• **WHAT IS EXPECTED**
The response should contain all of the data below, reproduced exactly, and no pictures.

• **DATA BLOCK**
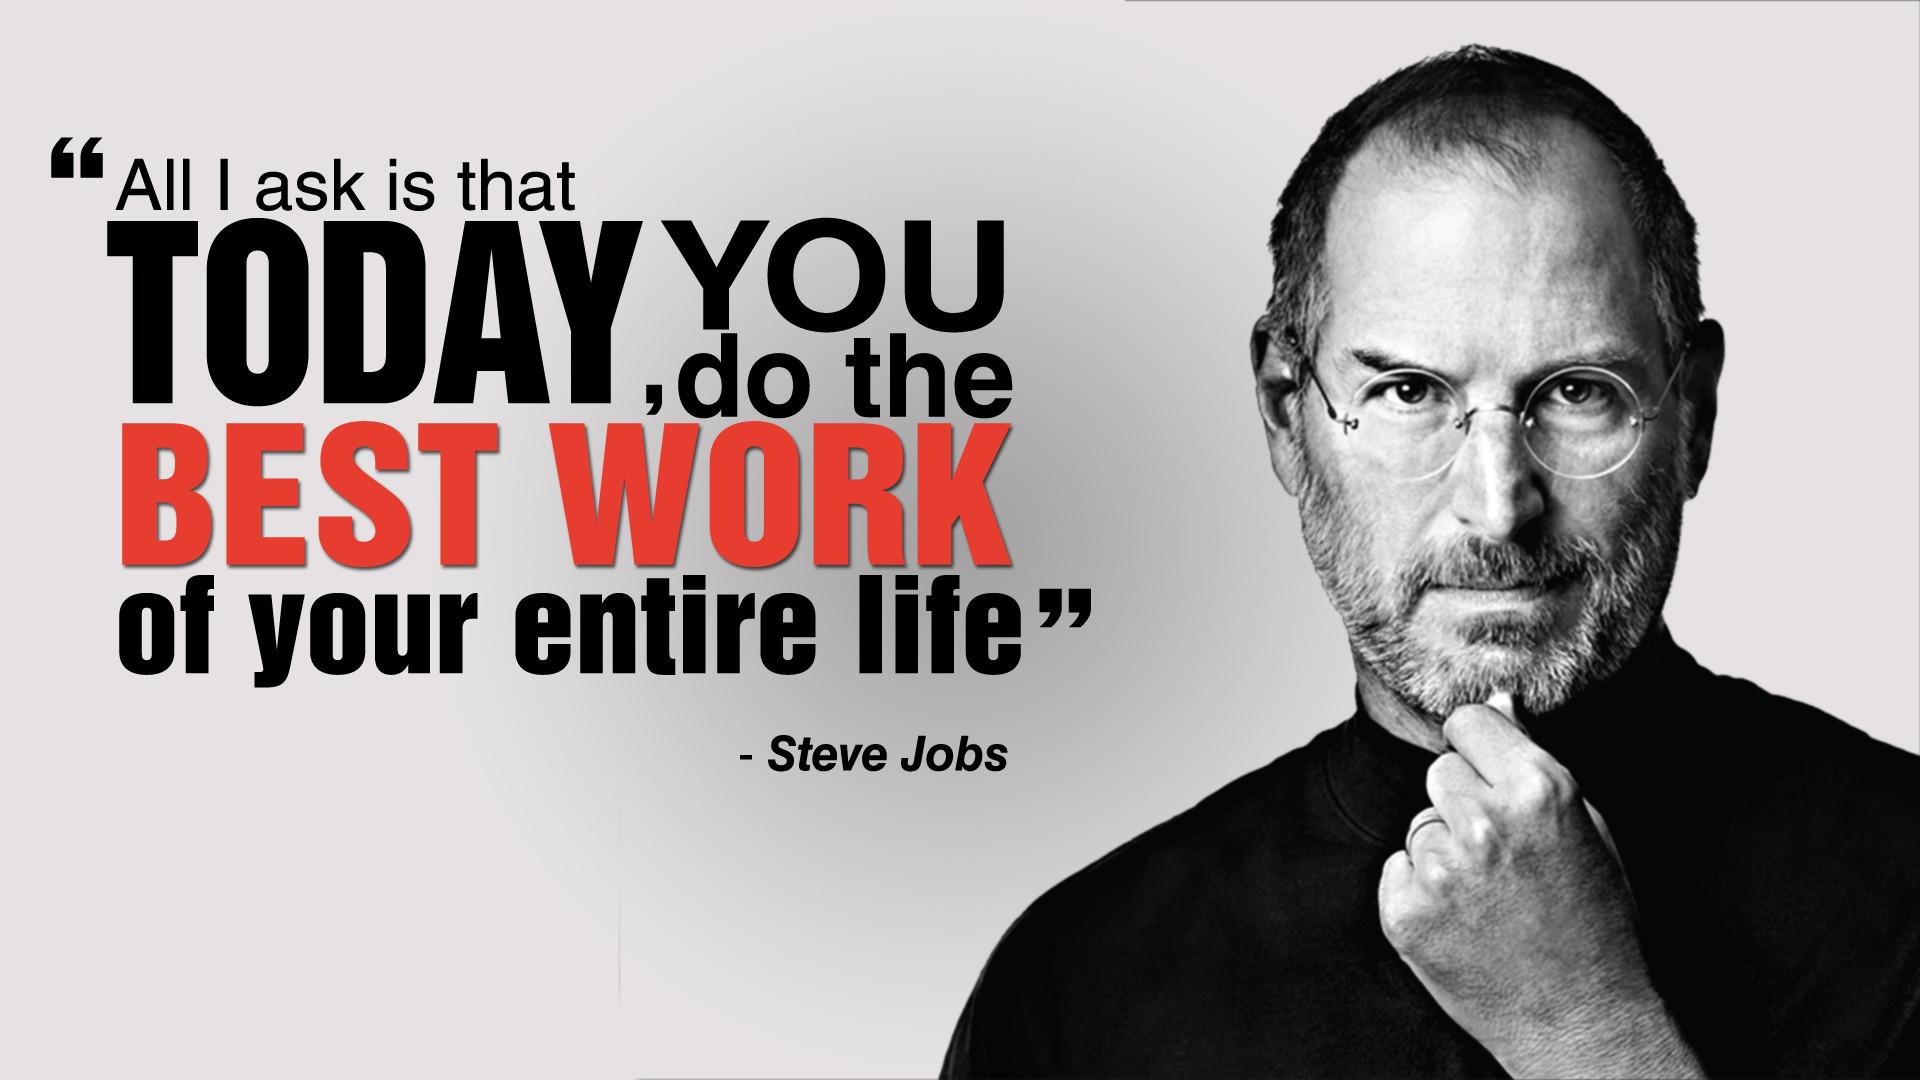 Today Your Best Work Steve Jobs - HD Wallpaper
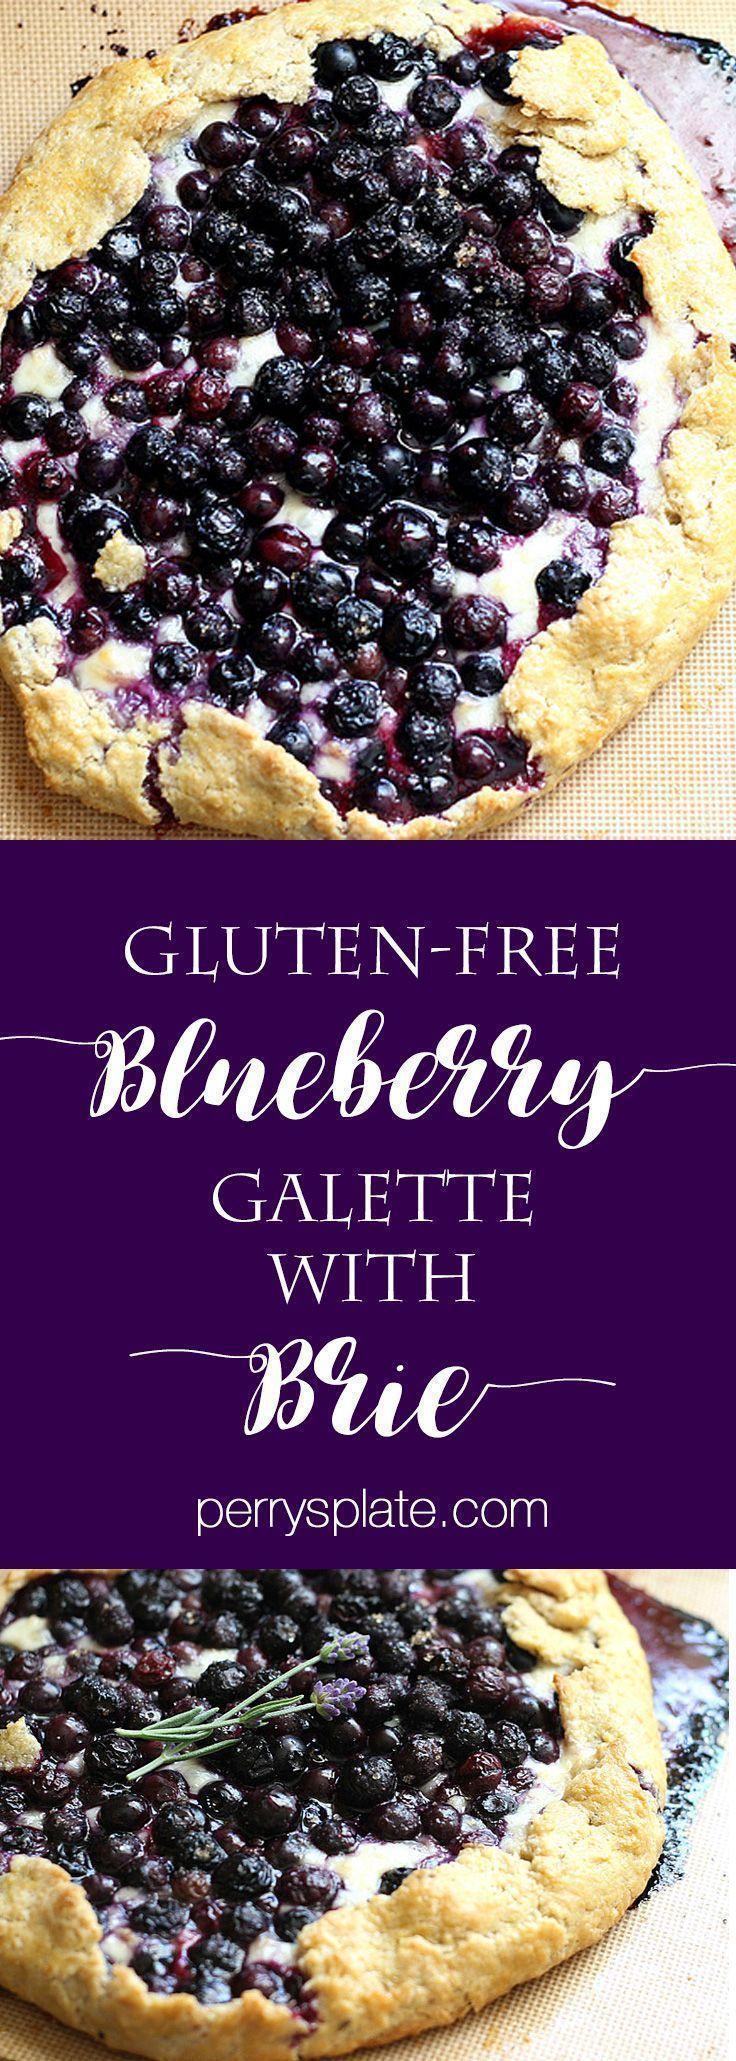 Gluten Free Blueberry Galette With Brie Galette Recipes Gluten
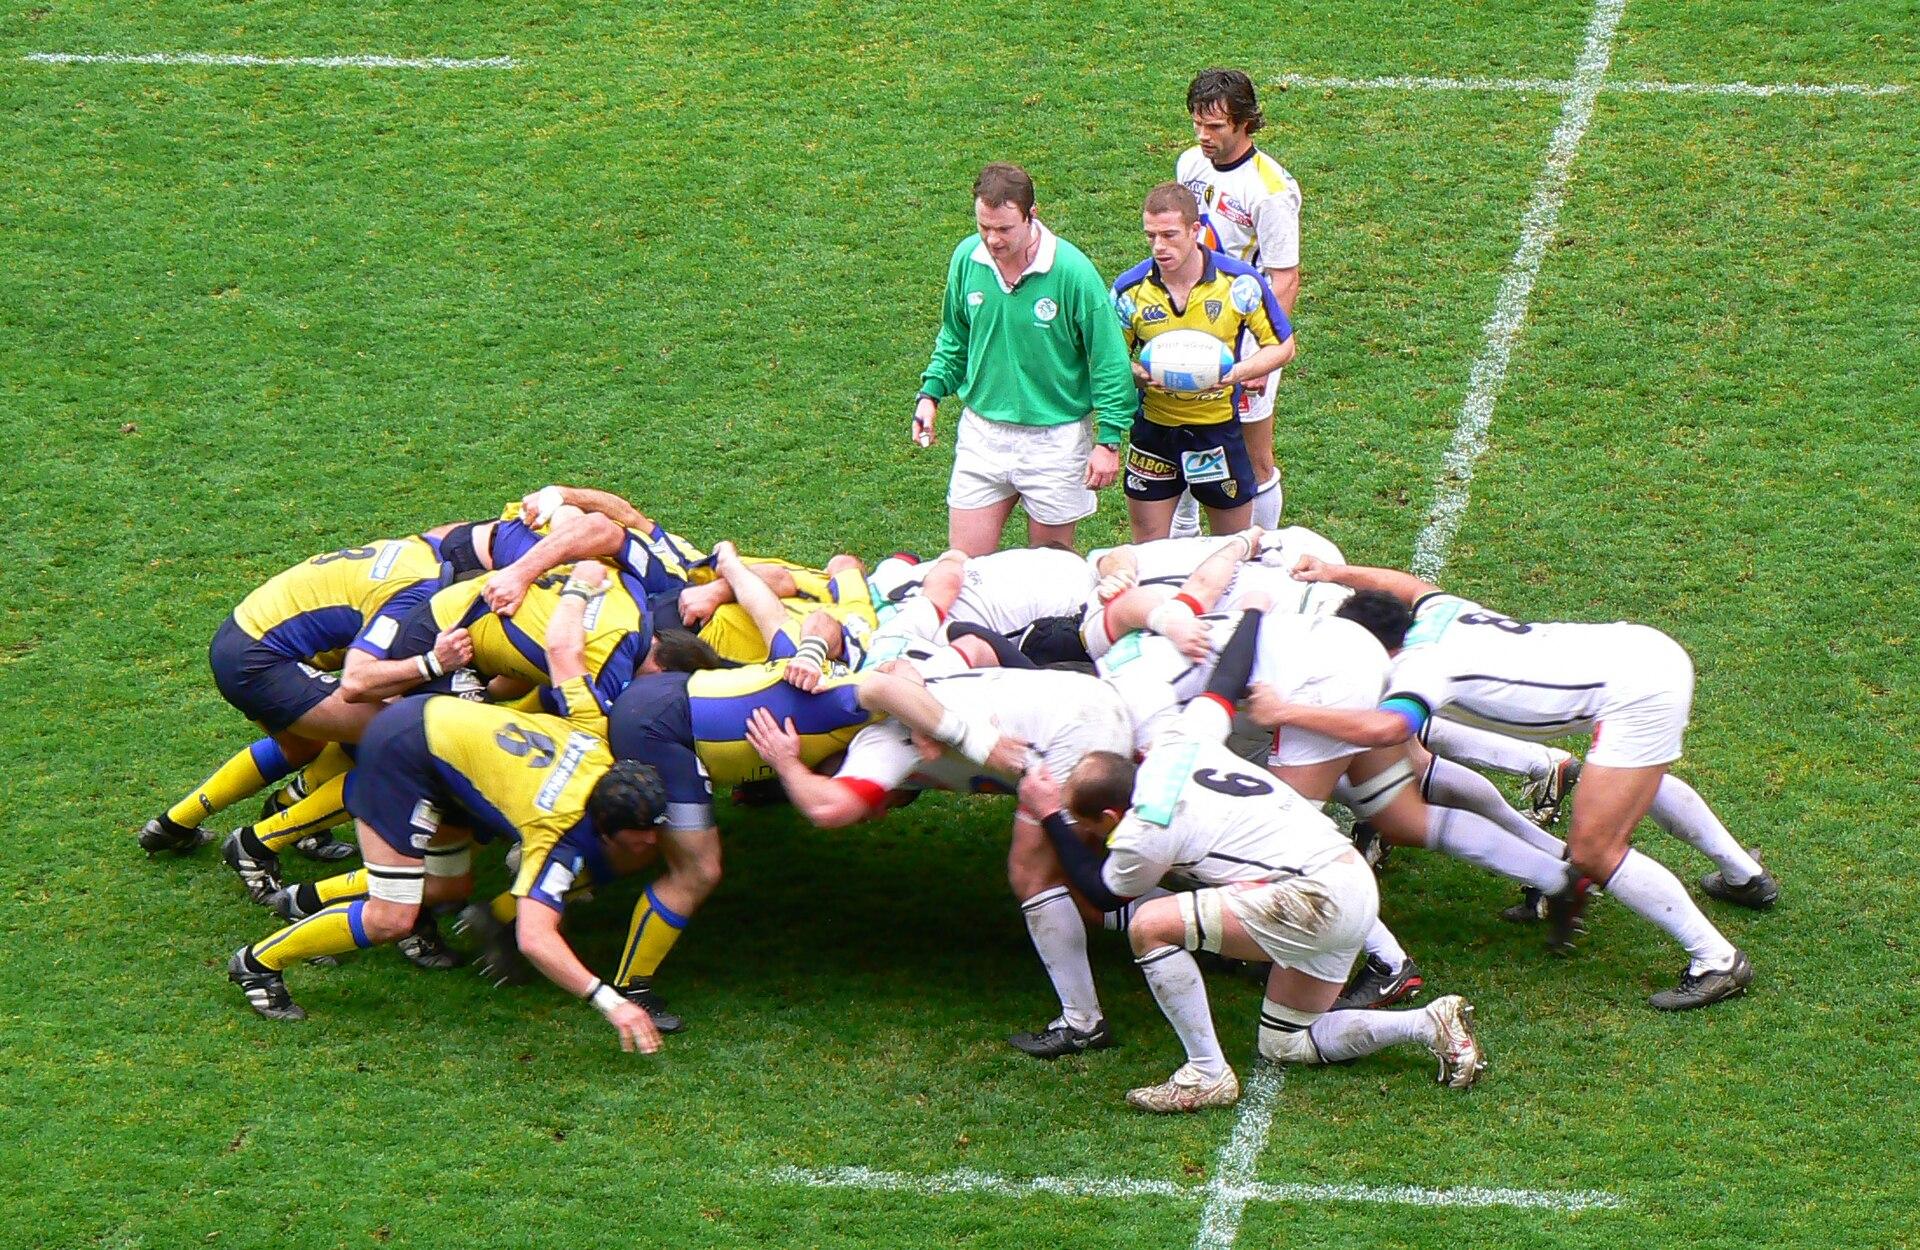 Rugby union - Wikipedia, den frie encyklopædi

• **EXERCISE OUTPUT**
 Today Your Best Work Steve Jobs - HD Wallpaper
 Gluten Free Blueberry Galette With Brie Galette Recipes Gluten
 Rugby union - Wikipedia, den frie encyklopædi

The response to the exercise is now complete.